GH's Carter brothers bonded by basketball

Family has produced 5 boys who played hoops at Grand Haven
Matt DeYoung
Apr 5, 2013

 

When Grand Haven’s varsity boys basketball team lost to Muskegon in the Class A district championship game back on March 8, it marked the end in a memorable chapter for the Carter family.

For nearly two decades, the Carter brothers — Nate, Josh, Brett, Jake and Mackenzie (Mac) — have been synonymous with Buccaneers’ basketball.

The Carter family infusion began in the 1997-98 season, when Nate joined the Buccaneers’ varsity team as a junior, and lasted until earlier last month, when Mac wrapped up his senior year.

“It’s a huge sense of pride for me to have watched all of my brothers play,” said Nate, who now lives in the Detroit area. “Because of where I live now, I definitely did not get back to as many of the games for Mac and Jake as I did for Brett and Josh, but I am really proud of not only their accomplishments as basketball players, but to see each of their unique situations and to hear their experiences, their frustrations, their joys and then see how they grew and handled each of those experiences.

While Nate, who graduated in 1999, was the first, it was Mac who grew up watching his older brothers play ball and dreaming about following in their footsteps.

“I was just a little baby but I remember going to Nate’s games,” Mac said. “It’s funny, because my brothers always say they can still beat me, but I have to put that down real quick. Sometimes, like over Christmas, we’ll get together and play. We’ll all go play (at the YMCA or the high school) as the ‘Carter 5.’”

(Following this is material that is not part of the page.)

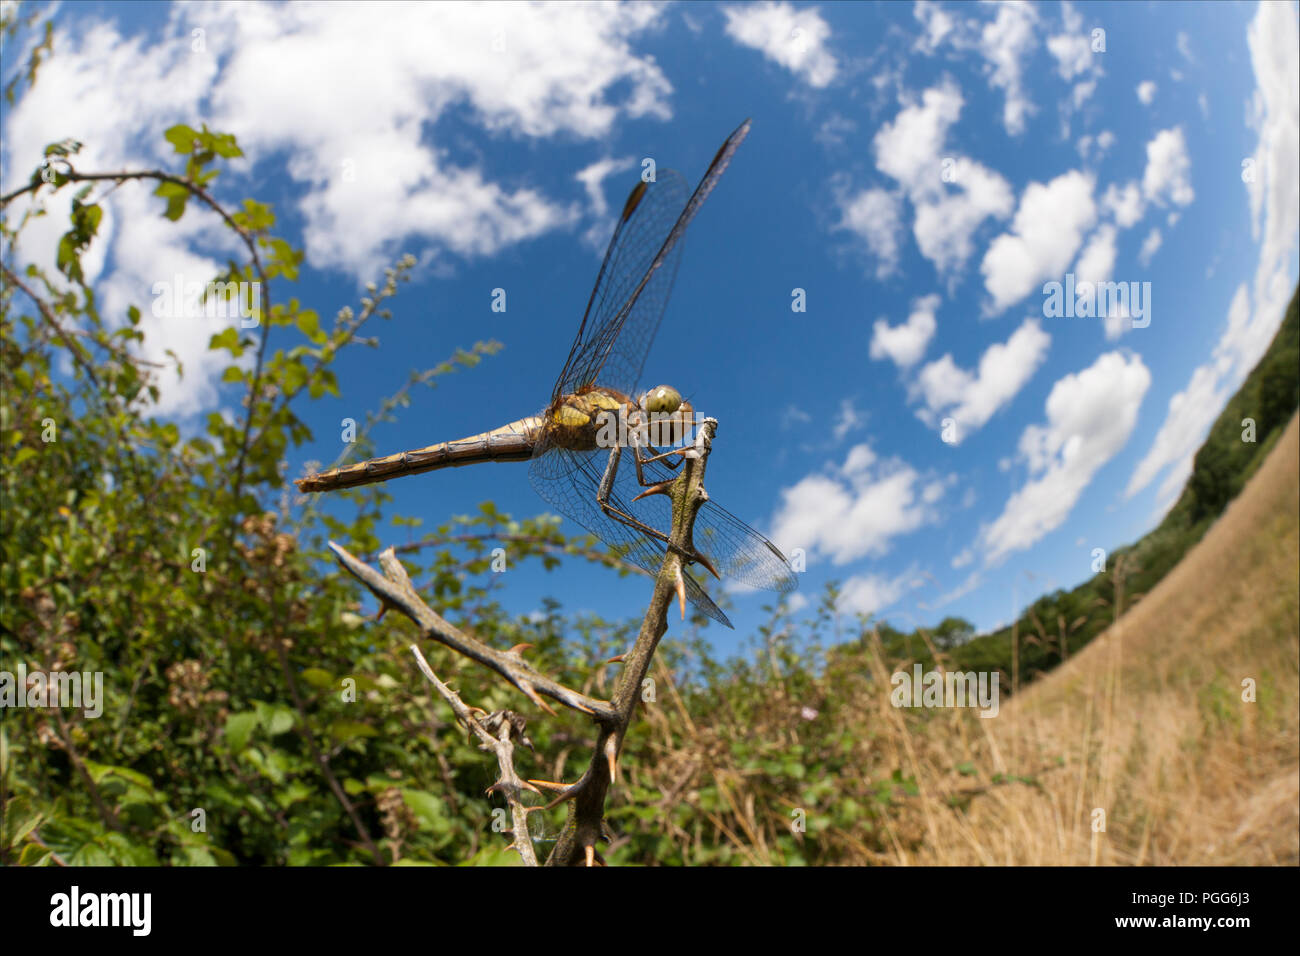 Una femmina di common darter dragonfly, Sympetrum striolatum, appollaiato accanto a una siepe e fotografati in una giornata di sole con un 15mm fish eye lente. Fare del nord Foto Stock

The one who might miss seeing the Carter boys wearing the Buccaneers’ blue and gold the most is their father, Jeff. He’s worn out the bleachers at both the old Pirate’s Pit and now at Grand Haven Fieldhouse, as well as countless other gyms across West Michigan.

“It’s been so many years, with a lot of ups and downs, a lot of fun,” Jeff said. “I’ve enjoyed watching all the boys. Nathan graduated in ’99, and we started coming to games when he was in elementary school.”

While he loves to watch, Jeff learned early on how to conduct himself in the stands.

“Nate told me in my early years of watching that my job was to keep your mouth shut and enjoy the game,” Jeff said. “He told me, don’t yell at the coach, the ref or me, win or lose.”

The boys’ mother, Lynn Carter, said she’s also sad to see her little boys grow up, but it won’t break her heart not to spend every Tuesday and Friday night in the gym next winter.

“In one sense, it’s sad seeing it come to an end, but it’s time for someone else,” she said. “We’ve been to thousands of games, 3-on-3’s, AYBT, AAU.”

Through those games, several stand out to Jeff, including some monumental wins and a few crushing losses.

“The regional loss to Rockford Jake’s junior year, and Nate’s senior year, they had a tough loss to Muskegon,” Jeff recalled. “And of course, the wins Jake had his senior year were pretty exciting.”

That year, the Bucs beat Rockford in the regional final — a contest highlighted by Nate VanArendonk’s backboard-breaking dunk.

Another memorable game saw Josh lead the Buccaneers to a victory over rival Holland in 2002 — back when Holland was a rival. Josh had a monster game, scoring 24 points and pulling down 16 rebounds as the Bucs beat the Dutch for the first time since brother Nate’s senior season several years earlier.

“The crowd rushed the floor (after the game) and Brett jumped on my back,” Josh recalled. “The Tribune had a photo of it in the paper the next morning.”

That year, Brett had been cut from the team as a junior, so Josh dedicated his senior season to his little brother.

“I wrote his initials on the tops of my shoes with the word “Believe” and every time I was bent over tired, I would look at that and push harder,” Josh said. “I had a great year because of him. A lot of people never knew that.

“After we won districts that year and we were presented with our medals, I walked over to the student section, found Brett in the front, gave him a hug and gave him my district medal. I told him it belonged to him and I couldn’t have done it without him.

“Our family is very tightly woven.”

While Nate remembers plenty of wins and a few losses form his playing days, he maintains the game of basketball has been very good to his family.

“I think we have all learned a lot of life lessons from playing basketball at Grand Haven, and it makes me happy to see how they carry those lessons into their adult lives,” Nate said.

And as they enter their adult lives, the five Carter sons are already working on the next generation of Carters. Chances are, they’ll be on the basketball court for the Buccaneers at some point.